It’s Sunday morning. I had thought maybe of retracing my steps to my childhood church, twenty miles away; but the moment passed. I will stay in the village.
In fact, I am locked in my father’s house; he may or may not have set the alarm before he went to bed last night, so I dare not open any doors.
Instead tonight, before dinner, I will make my way downhill to the village church for Evening Prayer. My mother’s grave marker will be the last thing to greet me before the open door.
It is never easy, returning. In part, this time, that is because my legs have been destroyed by the mountain. It was strange; we both remembered clearly the frightening and unforgiving ridge. We had both forgotten completely the amount of full-on, full-body rock climbing it took to get that far, and more on the other side.

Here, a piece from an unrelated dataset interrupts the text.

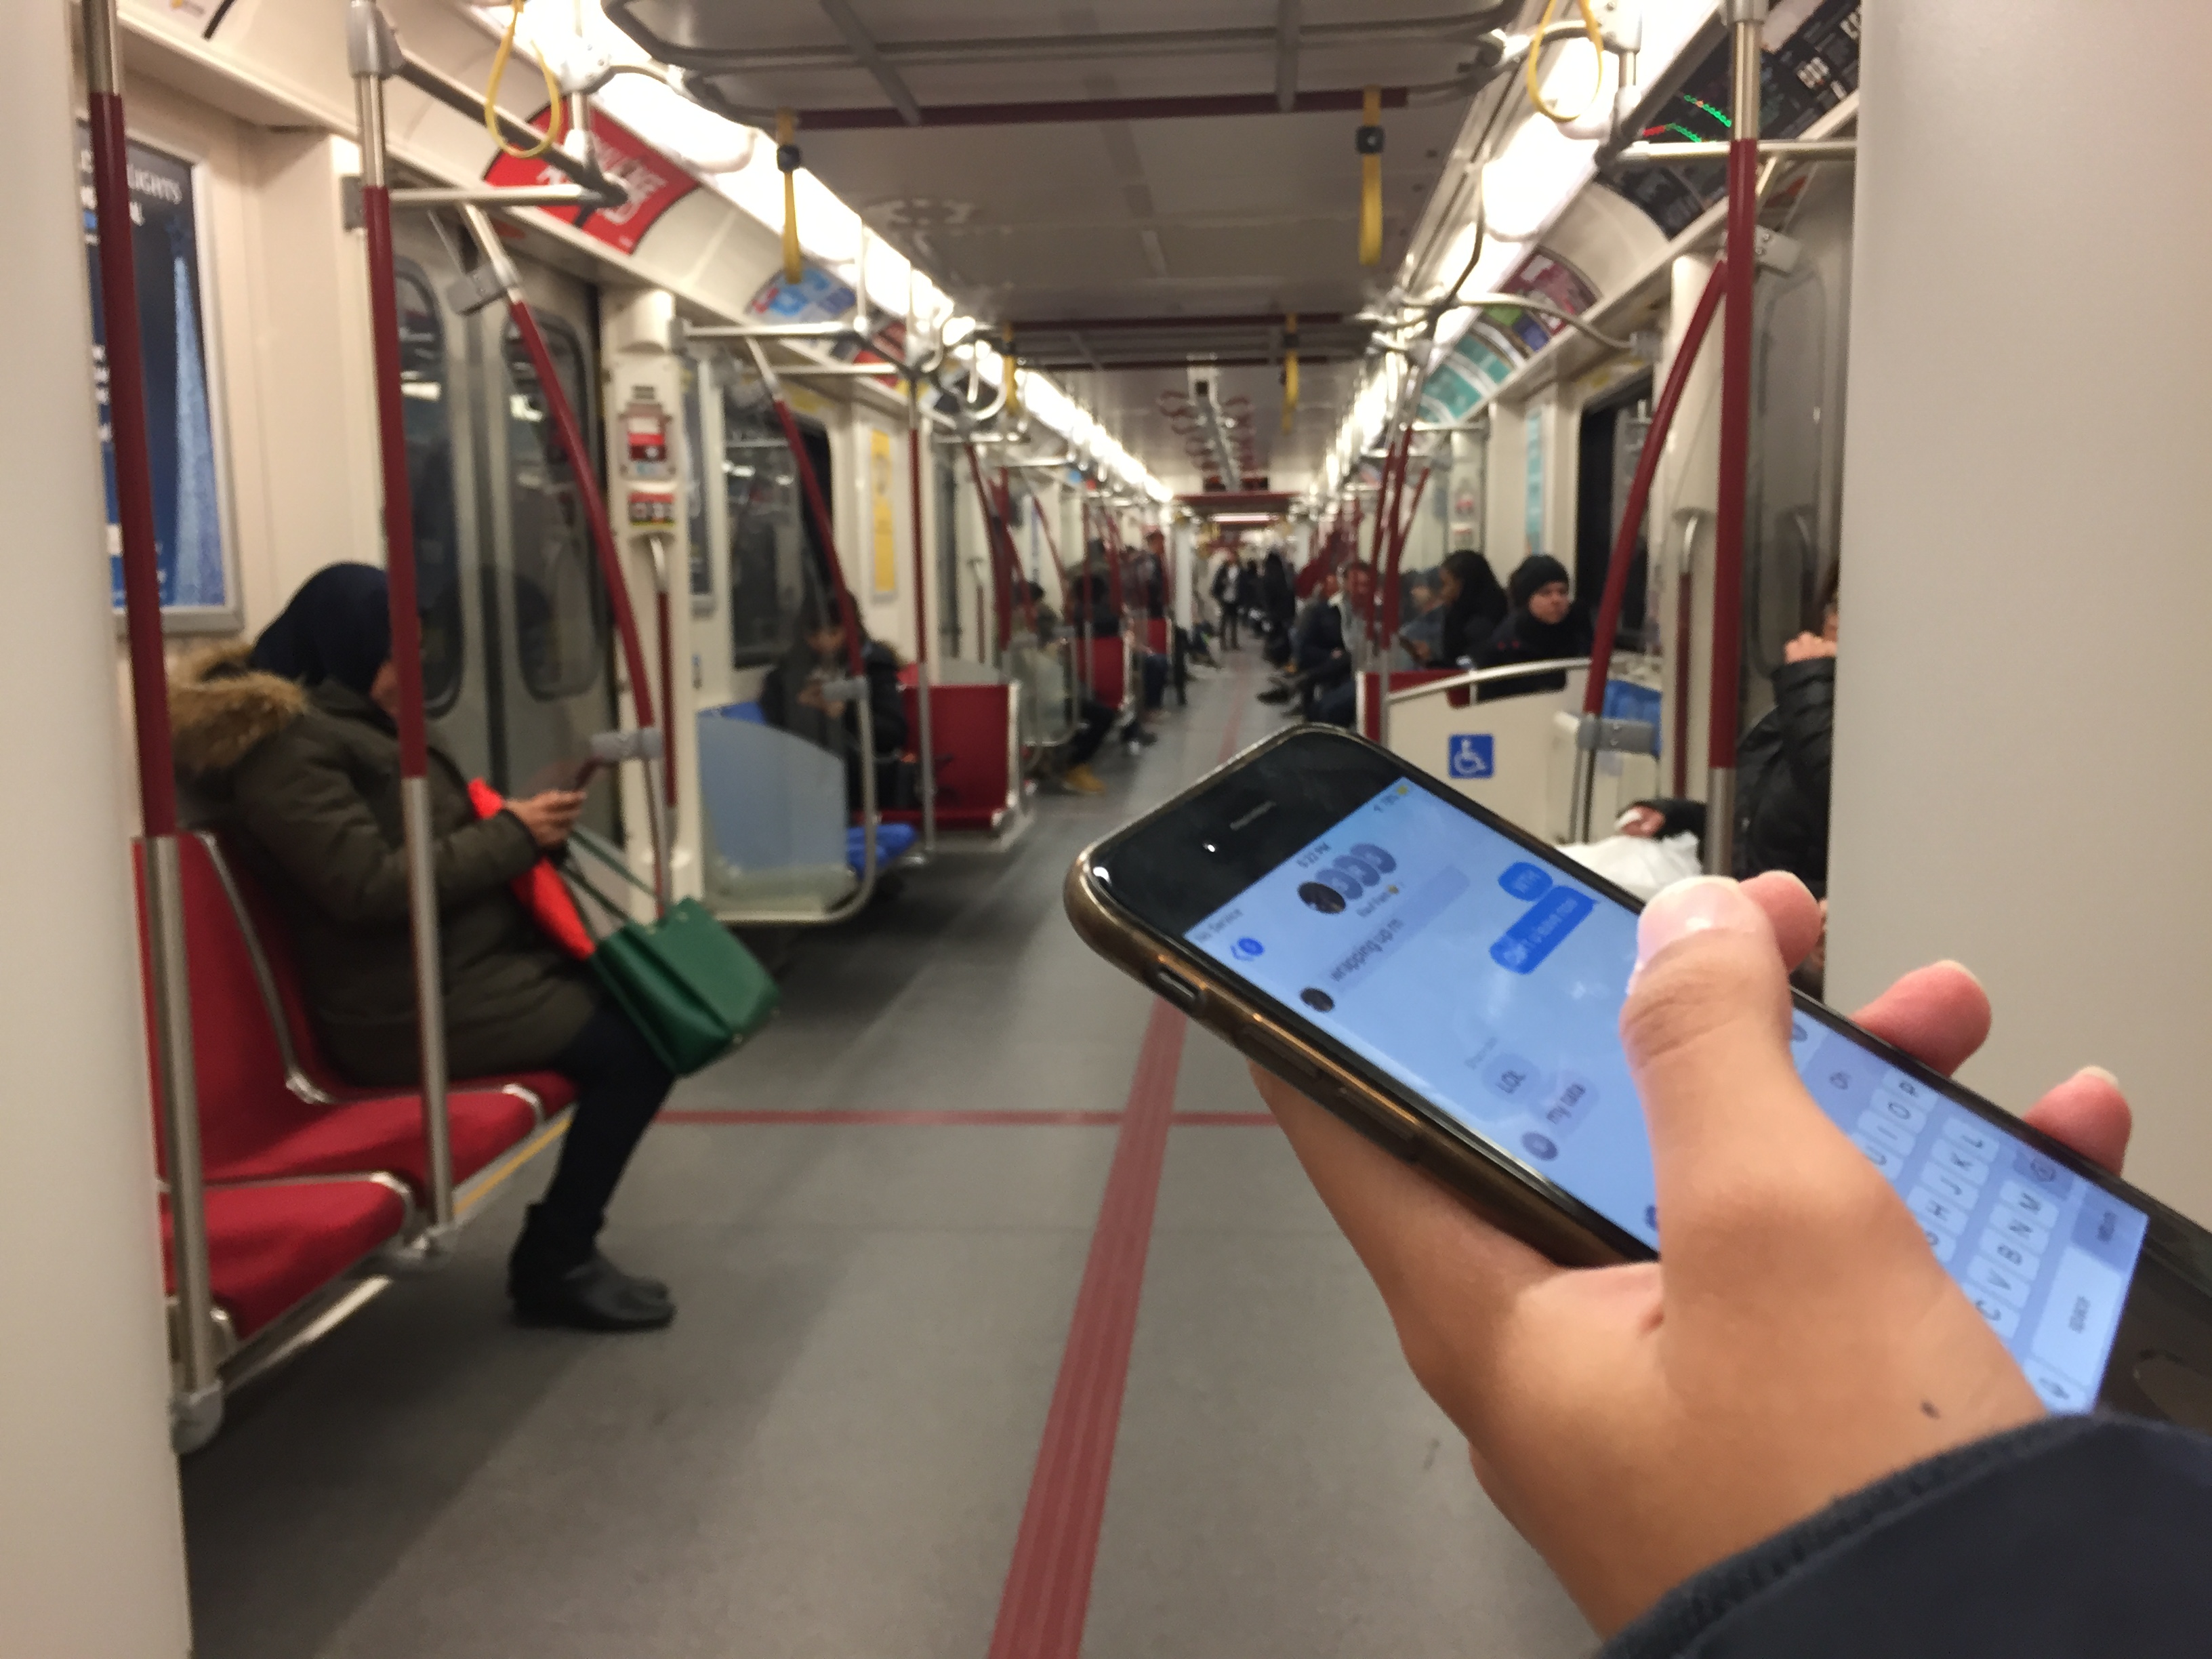 Cell service in the subway system could be available on all platforms, and in certain area within the tunnels.

I think that I managed it more easily this time than decades ago. I was less afraid, for certain. I have learned, somewhere along the way, to trust my body, having got me this far. I have learned that what will hurt and destroy and throw me down is less easily predicted or mapped out than 35mph winds on a narrow ridge. I have learned, not to tempt fate nor to accept it, but to work with it.
I am in no more pain, coming down, than last time; but that is not saying too much.
The prospect of descending the steep hill to church, let alone coming back up, is daunting; but there is no easy way out. It is Sunday morning, and I am locked in my father’s house, waiting.